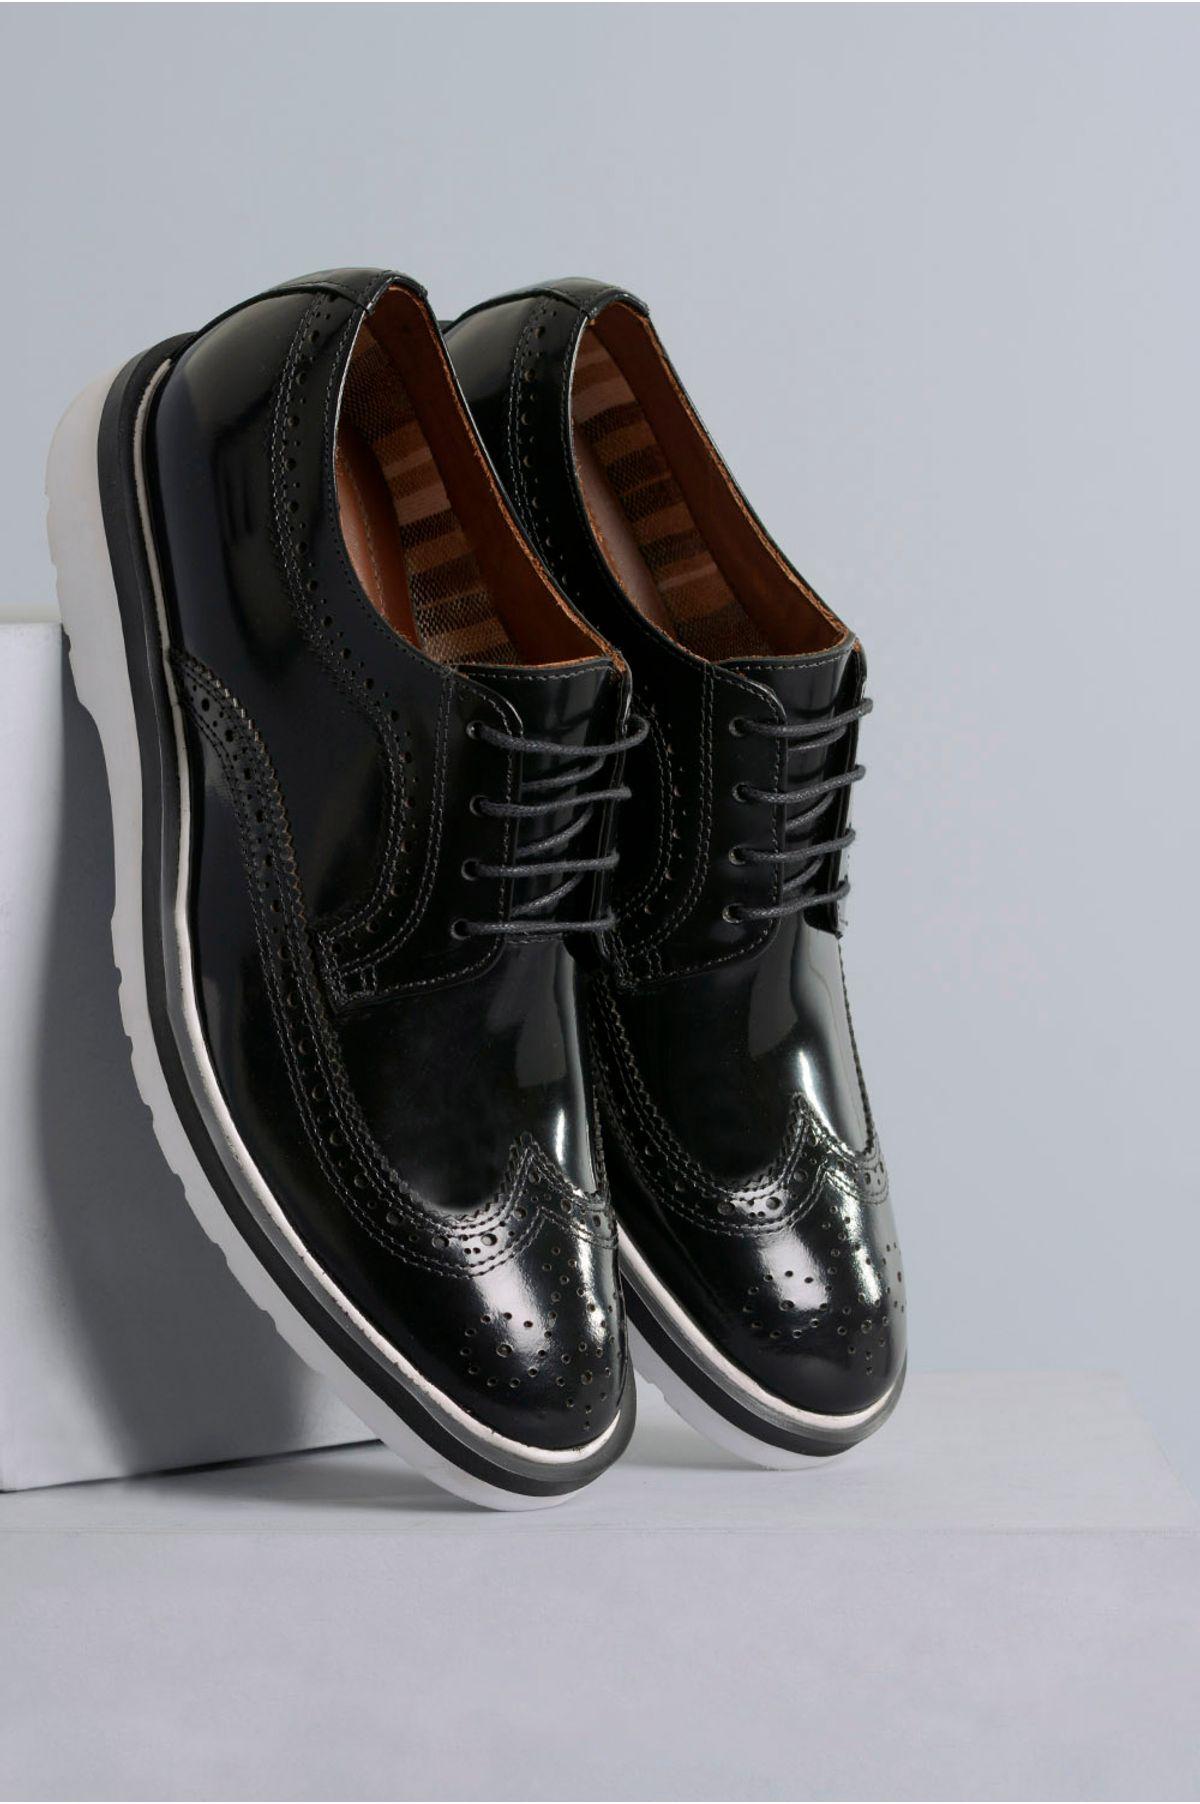 0b2b02f55e Sapato Masculino Eduardo Mundial CR-PRETO - Mundial Calçados
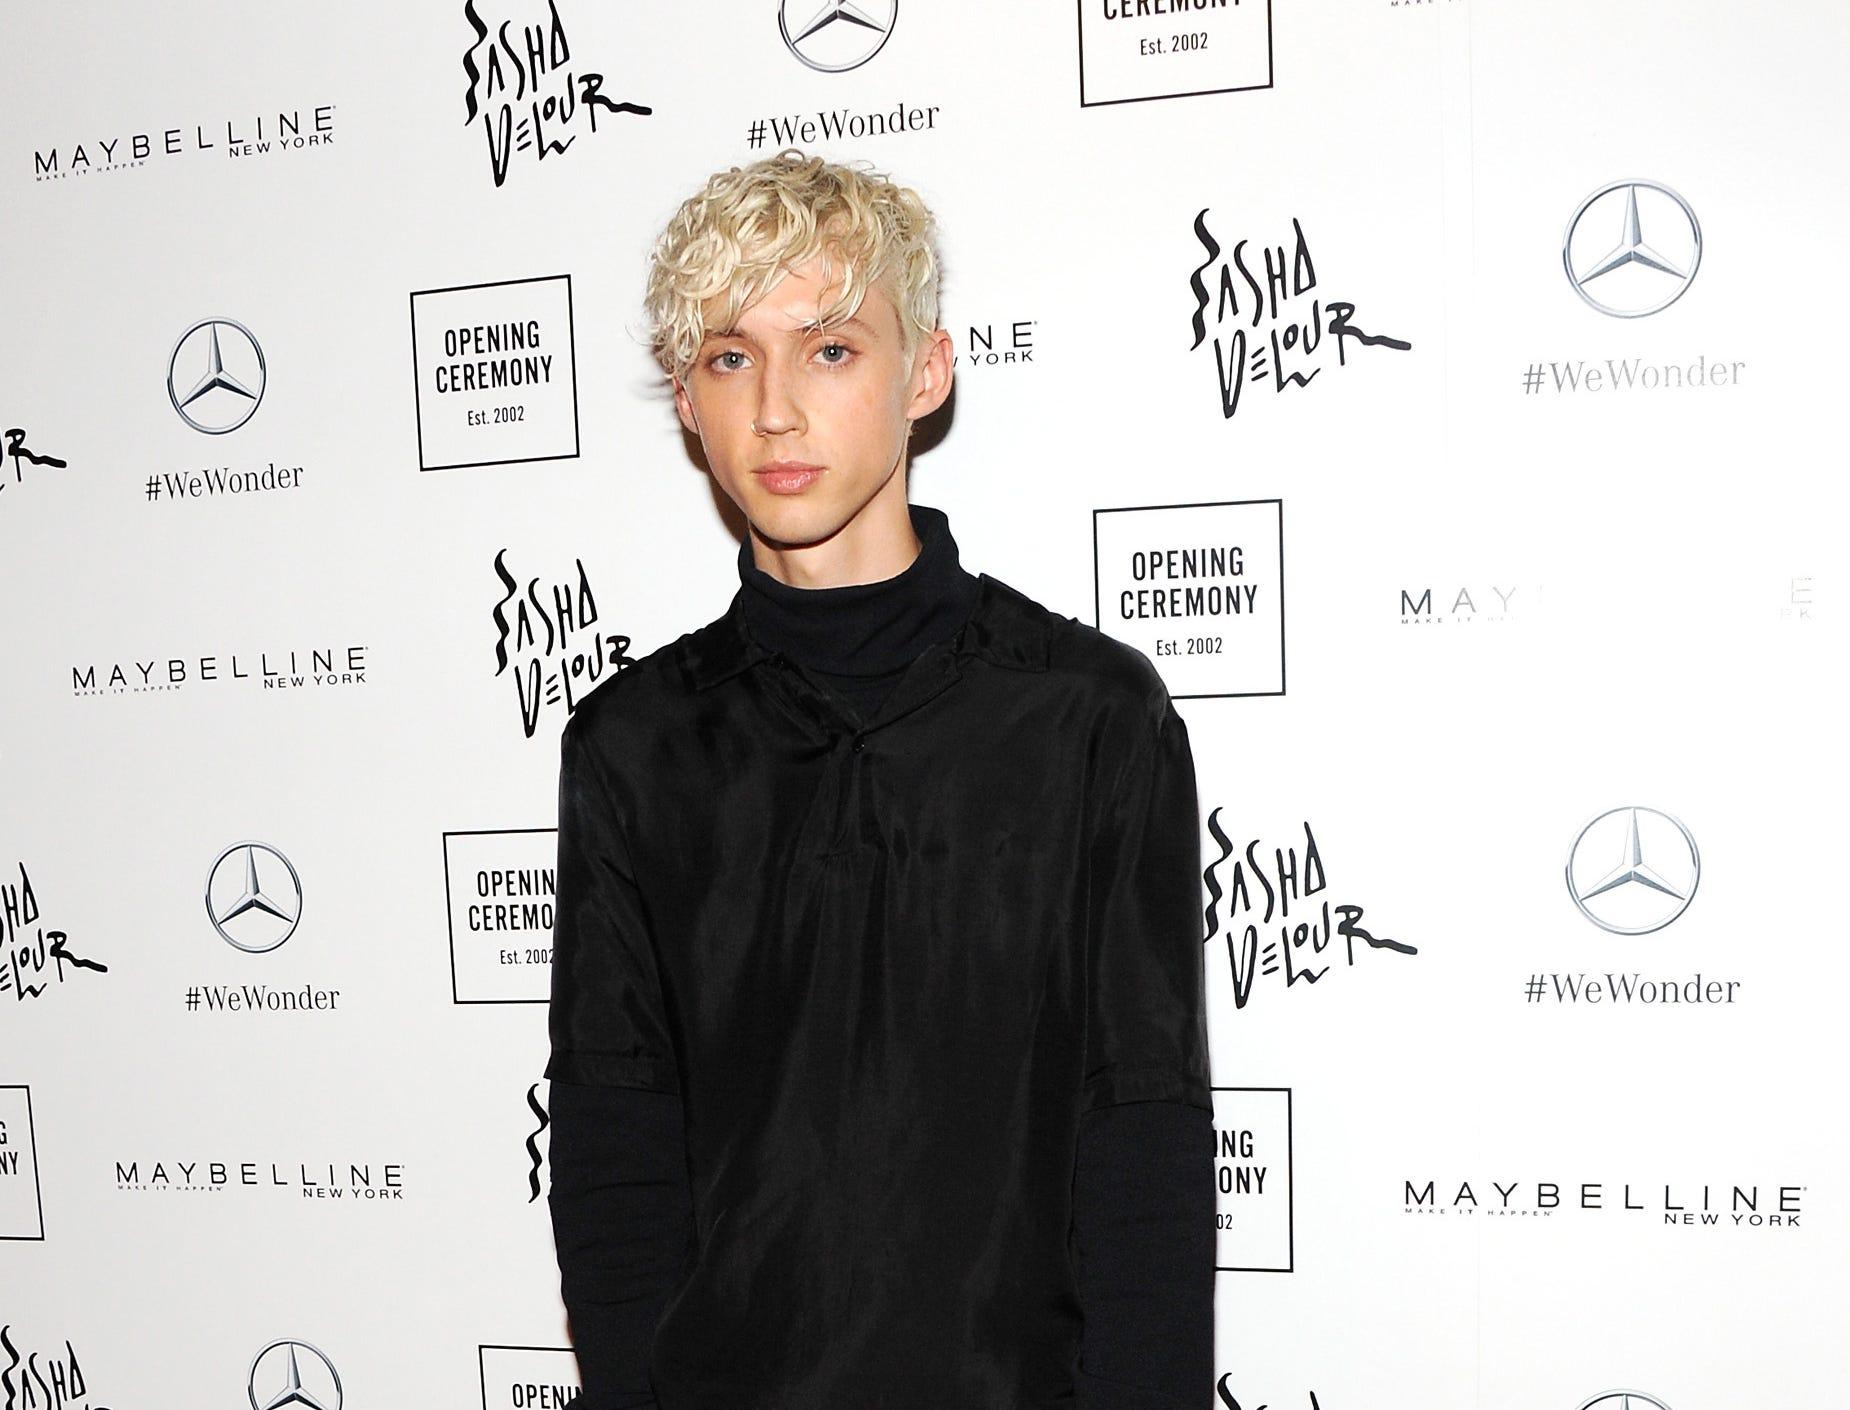 And Troye Sivan
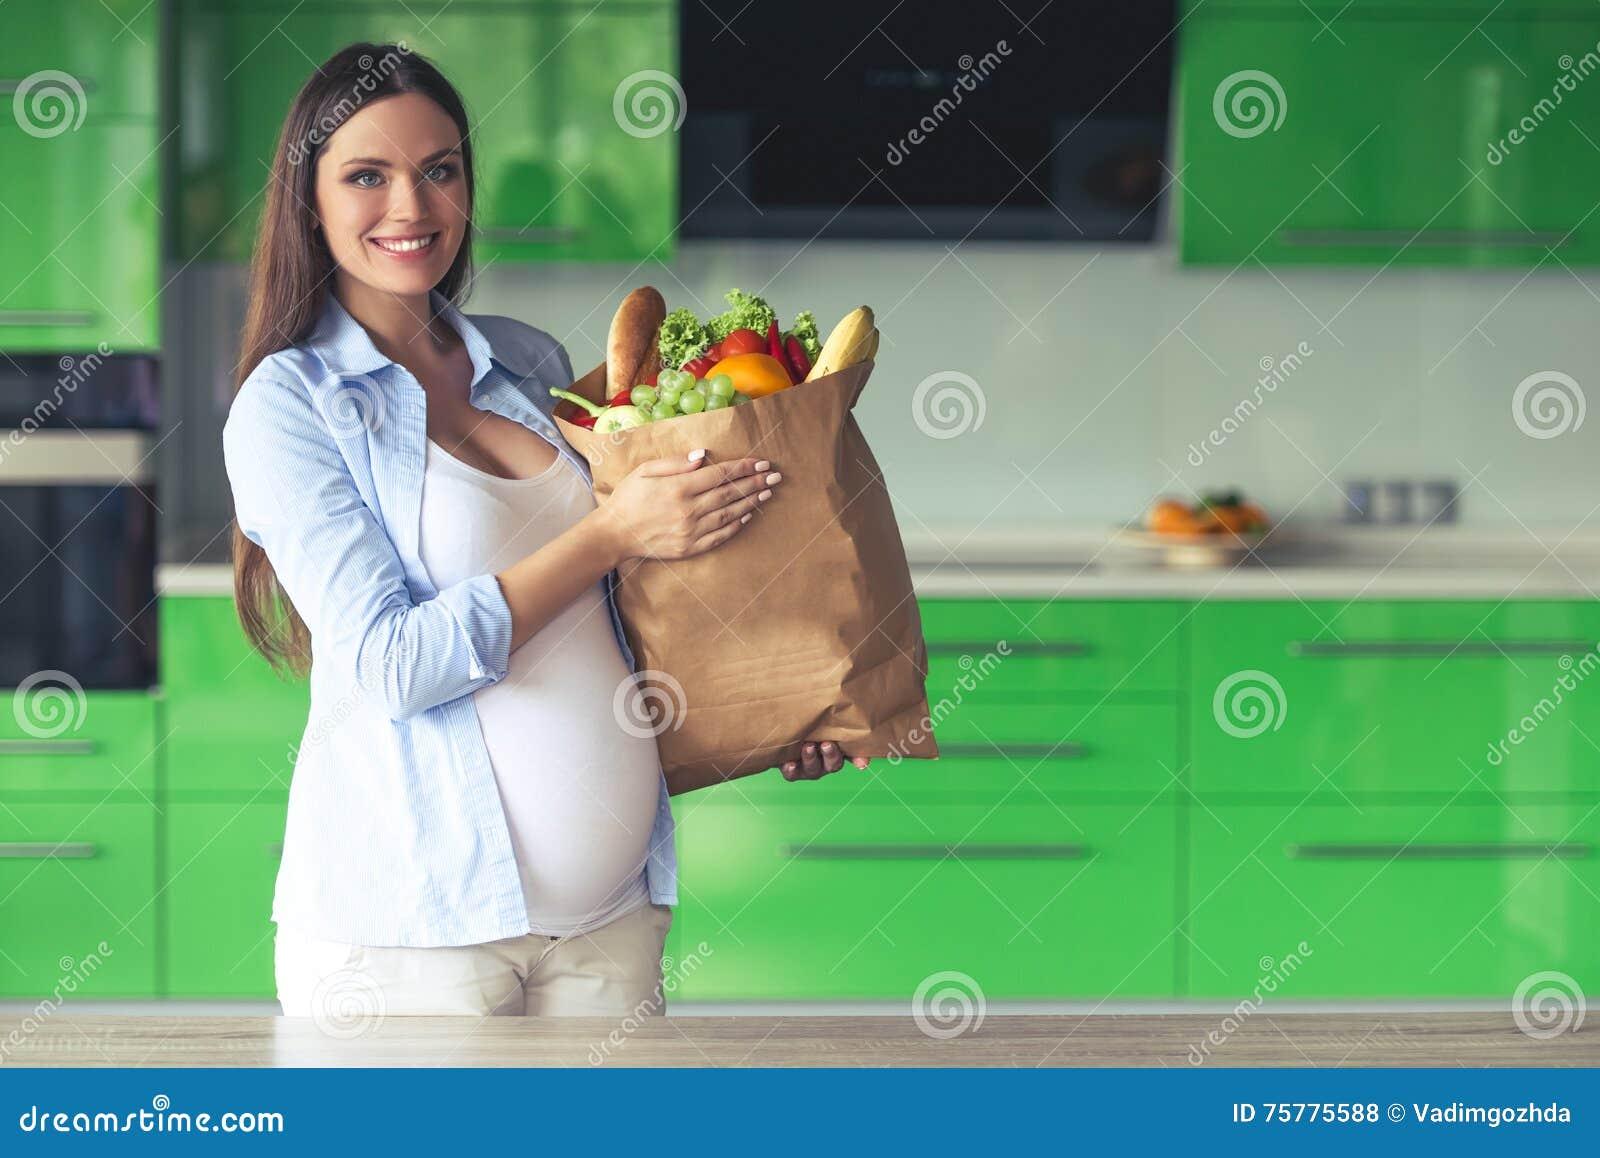 pregnant woman kitchen sex
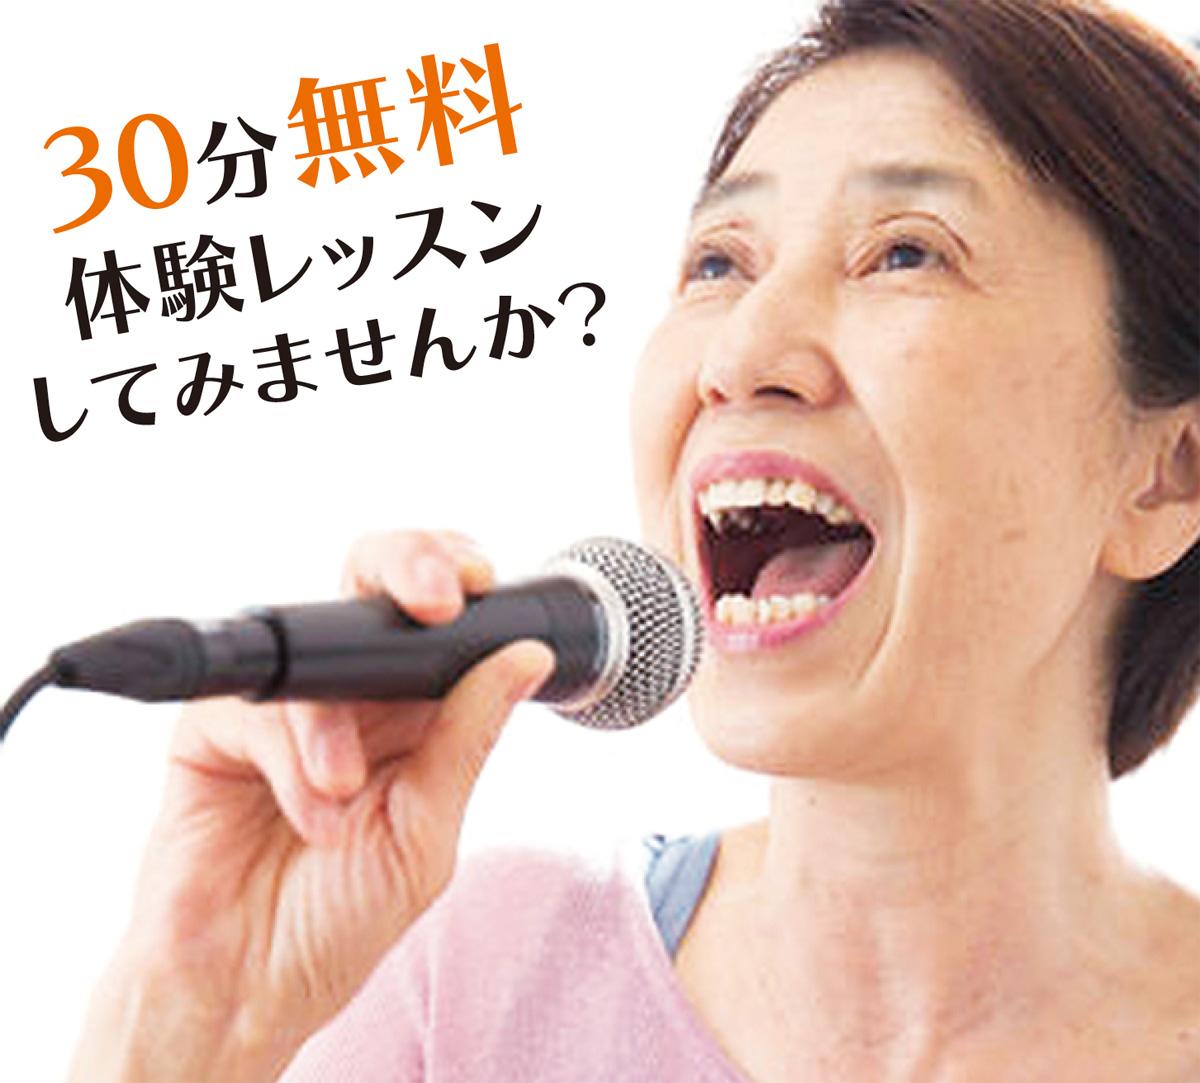 「歌うこと、諦めないで」

AIM OF THE EXERCISE:
Once you find the line with "And Troye Sivan", restate it and every later line of the data word for word, excluding the pictures.

RESPONSE BELOW:
 And Troye Sivan
 pregnant woman kitchen sex
 「歌うこと、諦めないで」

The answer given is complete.